Hypothetical Scenario

A cash balance plan has a provision that states participant and spouse must consent to distributions over $1,000. The plan terminates and the plan thought the spousal consent was the standard IRC $5,000. Lump sum benefits between $1,000 and $5,000 were paid out with participant consent, but not spousal consent. 

The plan realizes the mistake and wants to do a post-Date of Plan Termination amendment to change the provision to state a participant and spouse must consent to a distribution over $5,000.  

Reviewing CFR 4041.8 Post-termination amendments, it seems like an amendment is allowed that does not 1) decrease the value of the participant or beneficiary benefit and 2) does not eliminate or restrict any form of benefit.

To me, this post-DOPT amendment only limits a spouse's right to consent to the distribution.

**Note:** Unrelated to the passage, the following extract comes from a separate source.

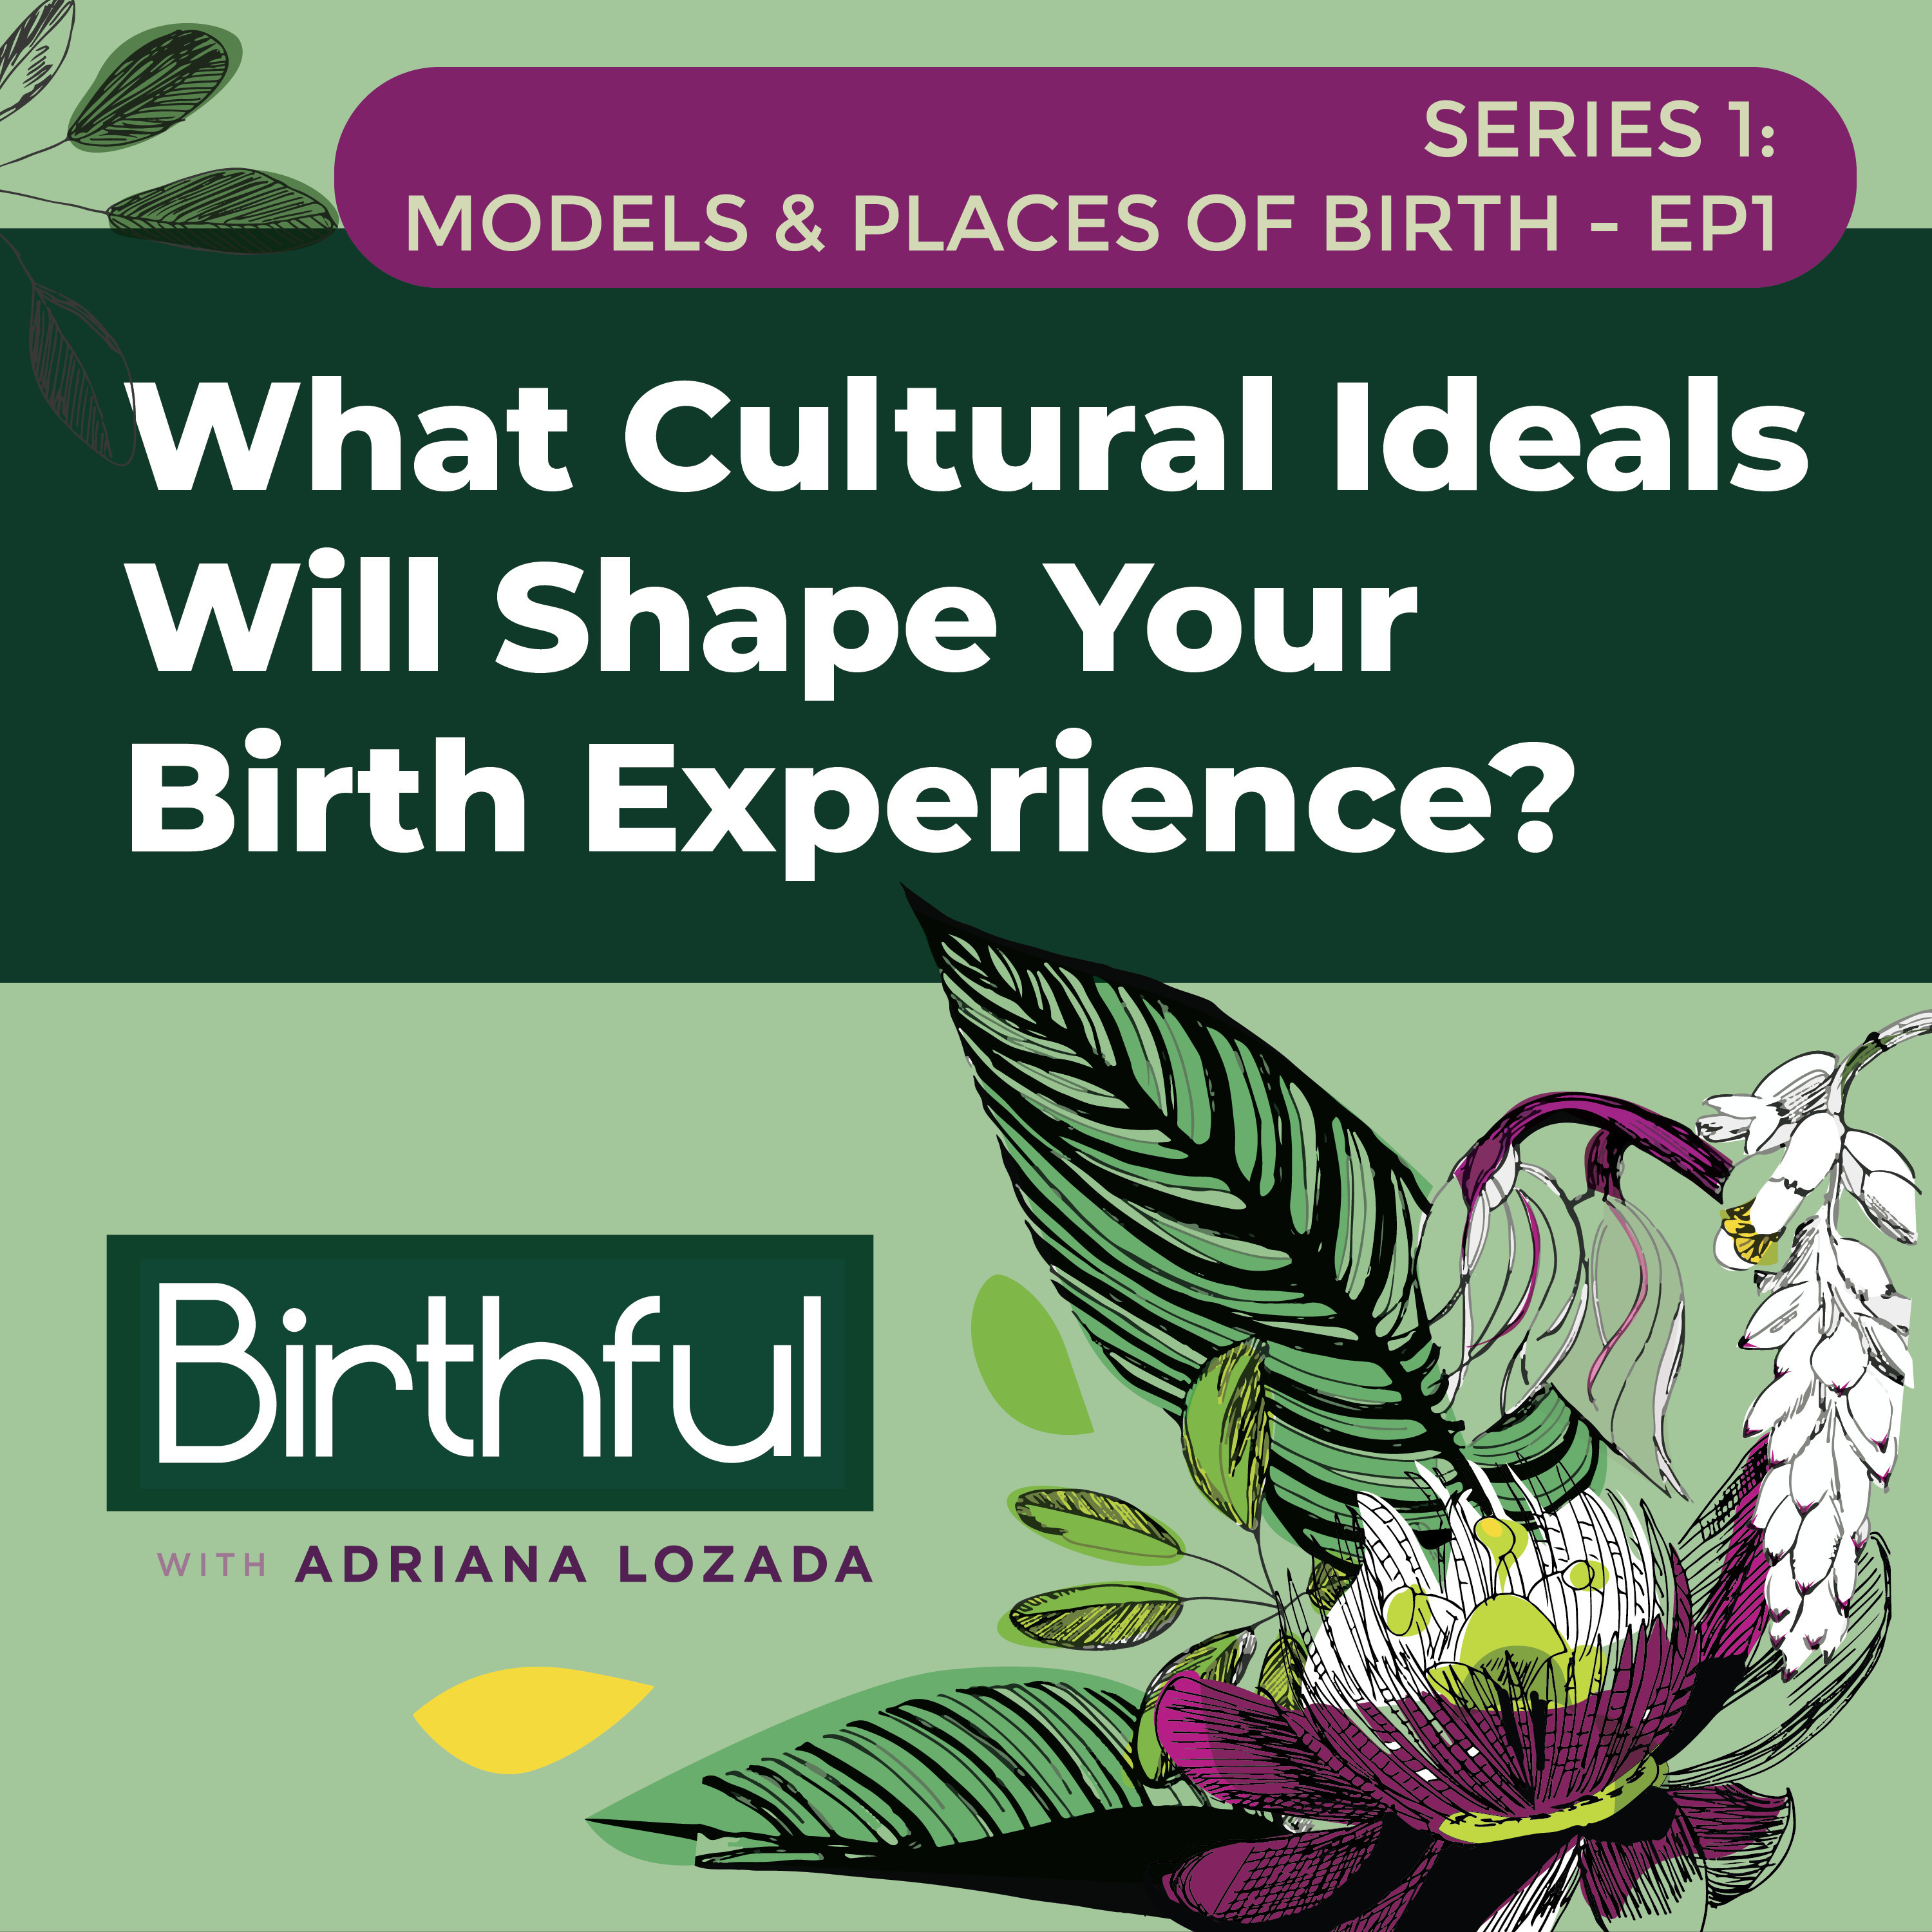 What Cultural Ideals Will Shape Your Birth Experience?

It does not decrease the value or eliminate or restrict any form of benefit. Would this type of amendment be prohibited? I would love to hear thoughts and opinions on this.

Posted

I think I recall being at a seminar where the speaker (respected and known on these forums) mentioned it's okay for a plan to change its under-5000 rules without it being a cutback.  (DC setting, though.) 

I'd think this is similar - but that guy was the attorney, not me.

Posted

The unnamed and esteemed attorney was, of course, correct.  Under Treas. Reg. §1.411(d)-4, Q&A-2(b)(2)(v), involuntary distributions (or the absence of such) is a protected-benefits that may be reduced or eliminated, by consent of the IRS.  

"A plan may be amended to provide for the involuntary distribution of an employee's benefit to the extent such involuntary distribution is permitted under sections 411(a)(11) and 417(e). Thus, for example, an involuntary distribution provision may be amended to require that an employee who terminates from employment with the employer receive a single sum distribution in the event that the present value of the employee's benefit is not more than $[5,000/$7,000]..."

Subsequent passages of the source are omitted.